The next concrete milestone is shareholder approval, since Wipro has said the buyback is subject to that step. Investors are also tracking the company’s stated timeline, because CFO Aparna Iyer said completion is expected in Q1-27. Another element that entered the discussion is near-term business outlook, because reports tied to the same earnings cycle said Wipro cut guidance for Q1 FY27 to negative 2% to 0% in constant currency terms. Those updates also referenced that for the March quarter the company had guided 0% to 2% sequential growth. While social chatter is currently dominated by buyback math and dividend yield screenshots, the guidance line is part of the same information flow and could influence sentiment around the stock. Promoter participation is another watch point, since it was explicitly mentioned on the press conference. For yield-focused investors, the key is separating dividend declarations already made from future yield assumptions that depend on price and payout timing. For buyback-focused investors, the key is understanding that tender offers are capped by the announced share count and executed on a proportionate basis. The discussion is likely to stay active until Wipro provides the next set of process dates and the market starts estimating participation more precisely.

Frequently Asked Questions

Wipro’s board approved a buyback of up to ₹15,000 crore via tender offer at ₹250 per share, for up to 60 crore shares (5.7% of paid-up equity).
The buyback is subject to shareholder approval, and Wipro’s CFO said it is expected to be completed in Q1-27.

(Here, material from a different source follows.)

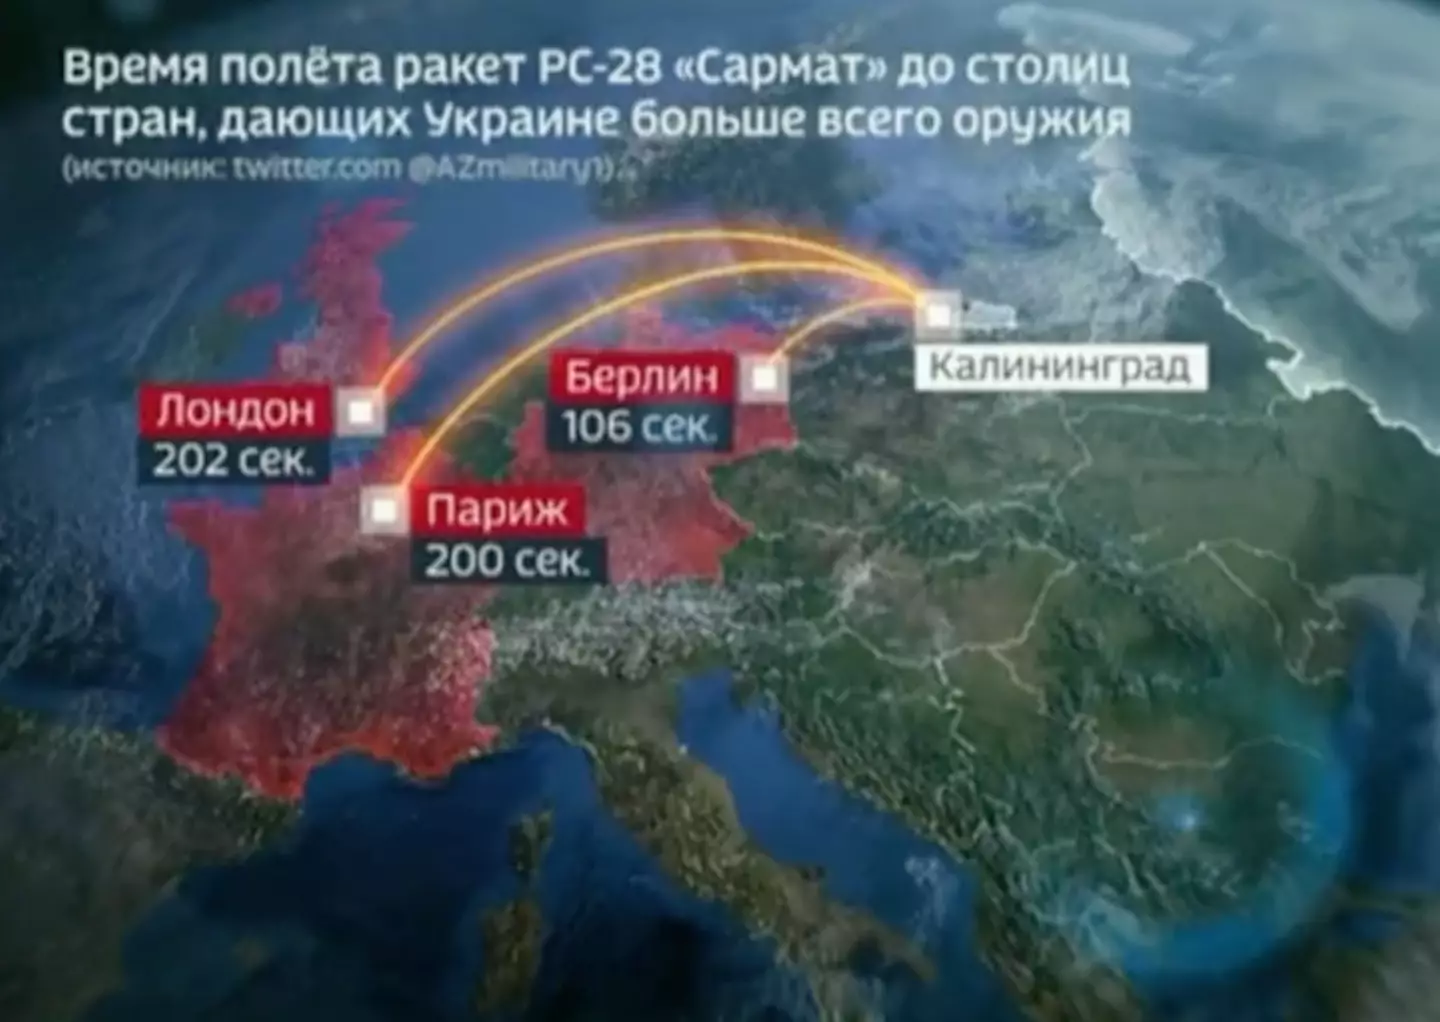 A simulation showing a nuclear attack on Europe was aired on Russian TV.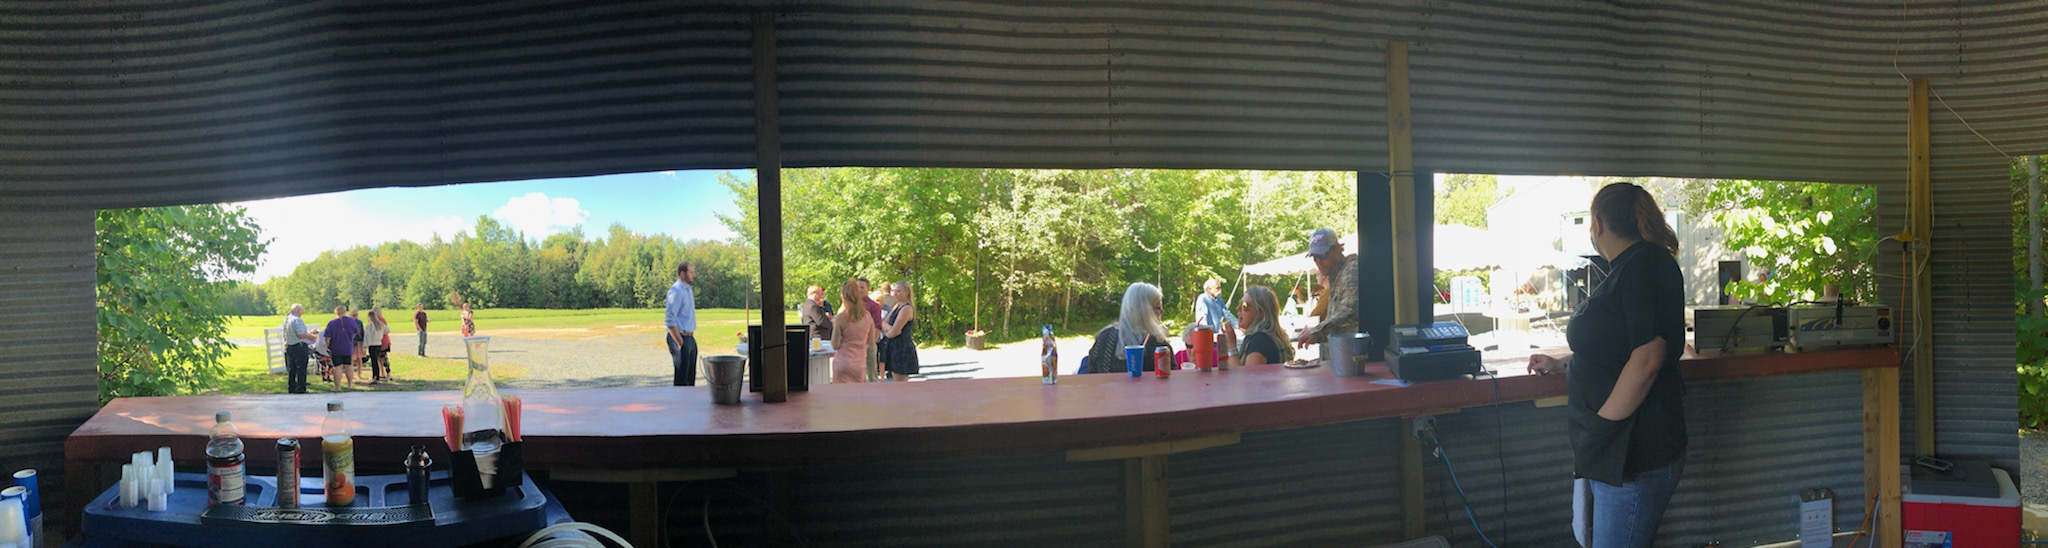 Wide angle image of an outdoor bar setting with customers engaging in conversation outside on a sunny day

Reports in the shared context cite a 19% premium to Wipro’s April 16 closing price on NSE (around ₹210.15).
Social posts cite varying dividend yield estimates (around 5.2% to 5.9%, and some lower), depending on the data source, trailing dividends used, and the share price reference.
Effective FY26, Wipro expects to return 70% or more of cumulative net income over three years via dividends and or buybacks; multiple notes and the CFO cite an 88% payout ratio for the three-year block ending FY26.